L'autre élément central est le thème de la migration. Dans un marché qui doit achever la transition du cuivre, la migration n'est pas seulement un processus technique : c'est aussi un levier concurrentiel, car elle détermine sur quel réseau et avec quel opérateur les clients se positionnent dans le nouveau scénario. L'indication de l'Agcm – et la lecture d'Intermonte – convergent sur un principe : une plus grande autonomie décisionnelle pour Tim et réduction de toute ambiguïté sur les mécanismes pouvant « orienter » les choix migratoires.
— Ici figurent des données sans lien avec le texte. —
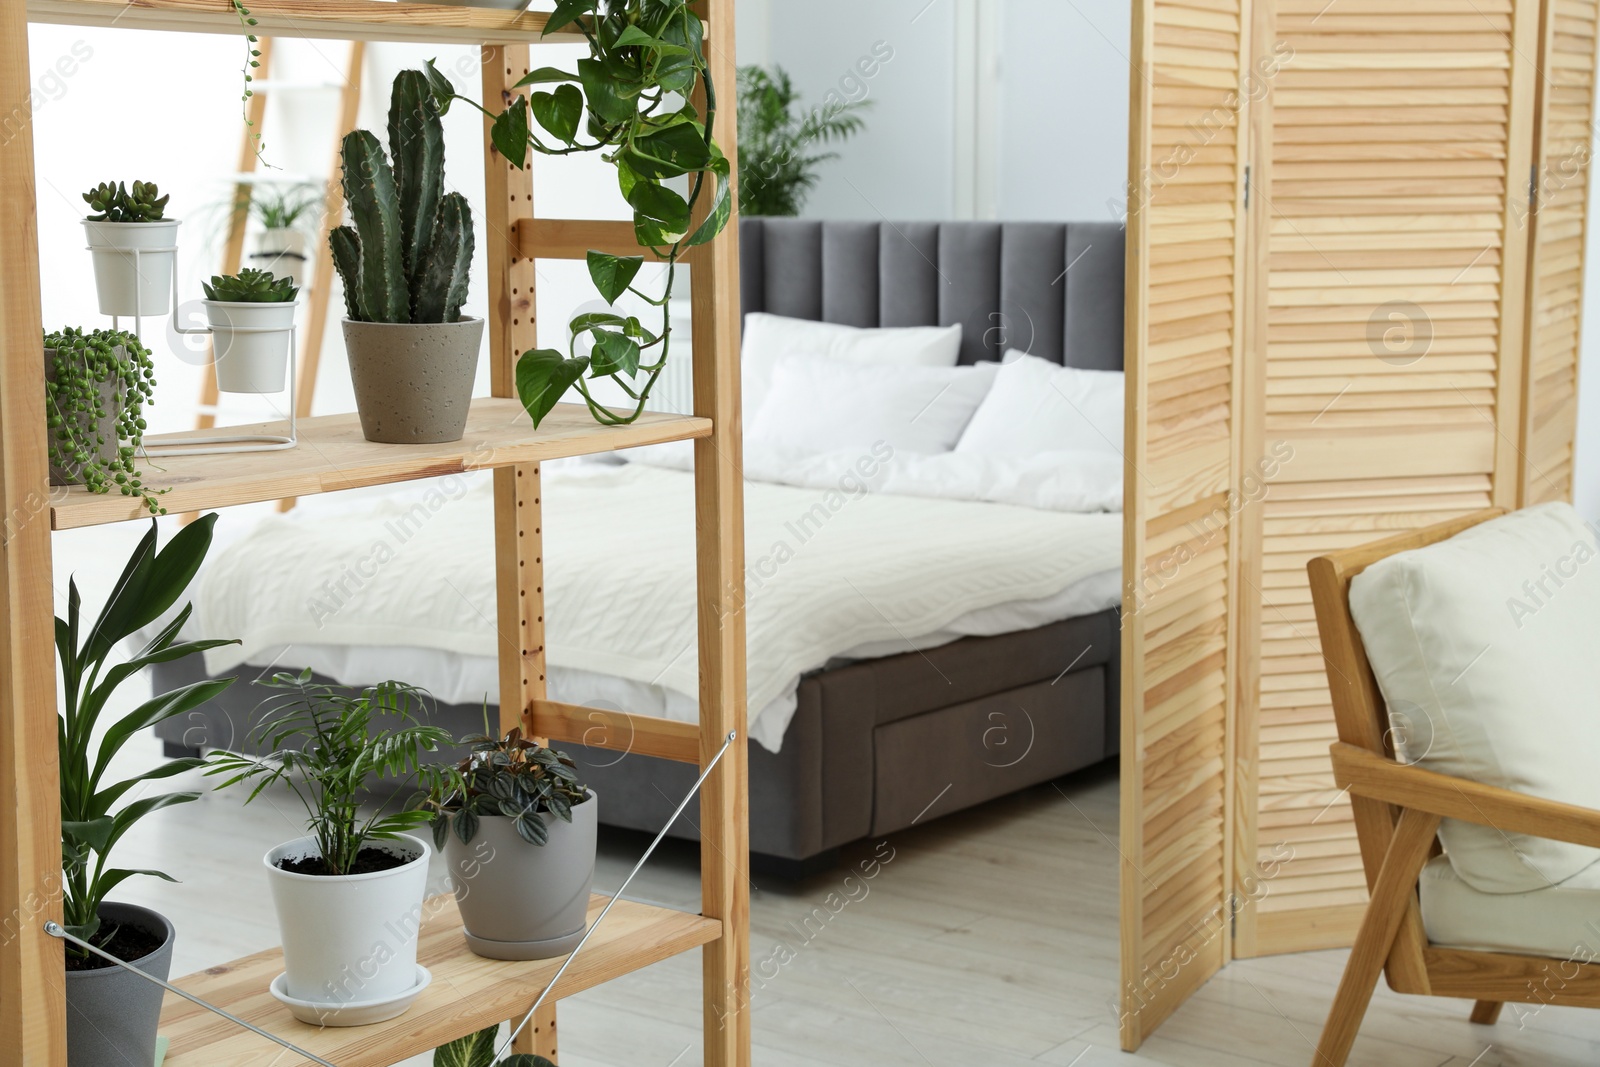 Photo of Stylish room with different potted green plants on shelving unit and comfortable bed

Parallèlement, les mesures correctives sur les remises visent à éviter que le levier des prix de gros n'altère de manière excessive la contestabilité, notamment lorsque d'autres opérateurs doivent pouvoir construire des offres reproductibles.
Pour l’avenir, le résultat de l’enquête pourrait avoir un impact qui va au-delà du seul MSA : il établit un précédent sur la manière dont l’Antitrust entend évaluer, après la séparation, les architectures contractuelles entre les entités qui restent centrales dans la chaîne de valeur TLC. Le message est que la concurrence n’est pas seulement protégée ex post, en termes de parts de marché, mais aussi ex ante, en intervenant sur les « mécanismes » – exclusivités, remises, migrations – qui peuvent façonner la dynamique concurrentielle et le rythme des investissements.